8/25/2024 8:44 PM

Something's... Wrong, I must admit.

The mayor doesn't seem to recognize where they're at anymore, and I can't remember anything past the day I finally moved here and got my job. But I think it's honestly a good thing, what's the use to these "memories" anyway? From what I can read from these past entries, all I see is hurt, agony, pain... It's too much, isn't it? I asked the mayor what they thought about "memories" and they seemed upset, but told me that "memories are supposed to be great things to cherish for all of your life." but when I told them what memories they cherished, they said nothing.

I told my bosses about this unusual behavior and they said they would fire me if I didn't fix it, so I'm just... Here... Thinking, writing in my stupid journal, wondering how the hell I could get out of here and find somewhere new to live at.

Maybe I can use my money to live in a small city somewhere, or an apartment perhaps... I mean it's not like I'm gonna be able to stay here for long I feel, I am quite surprised they let me stay this long... Or maybe I have been here my whole life? This whole place seems familiar at least, I can't imagine not being here, even though all I do is stay inside all day and do work.
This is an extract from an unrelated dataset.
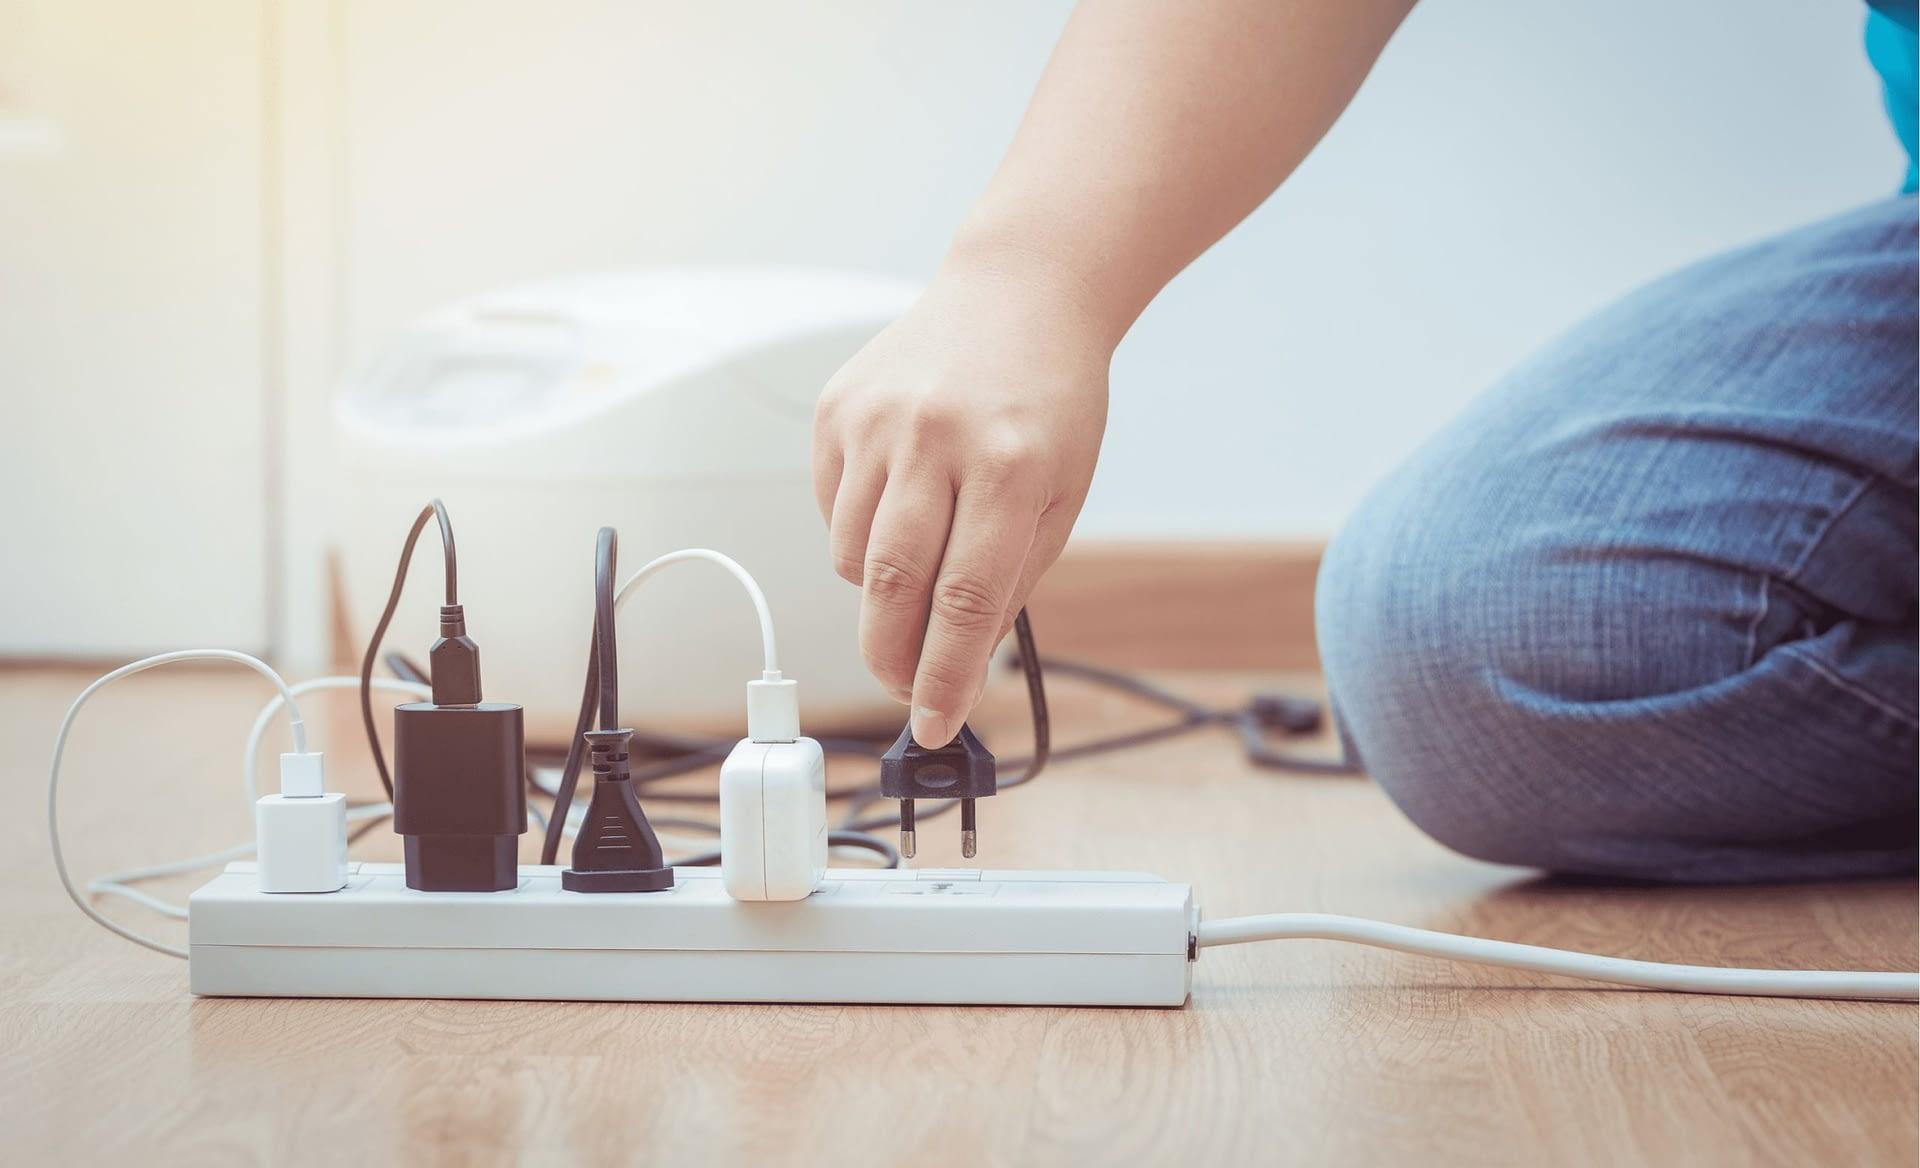 Arizona urge to reduce electricity consumption

I practically live in this building at this point, don't I?

I know everything to this place, all the exits, all the floors, the amount of windows, the tiniest of cracks and loose panes of glass.

If you were to die anywhere in this place, it would be basement floor 2, top right corner, there is a hole there where many disembodied limbs would be buried there for the local feral creatures to tear your remains clean, I remember this because that is where they discarded the old mayor at. And that might be where I will end up eventually if I do not fix this in time. Or worse, perhaps.

Maybe the only reason I kept that memory is to remind myself that I will lose it all if I cannot fix this once and for all. I must fix this, I must save the mayor.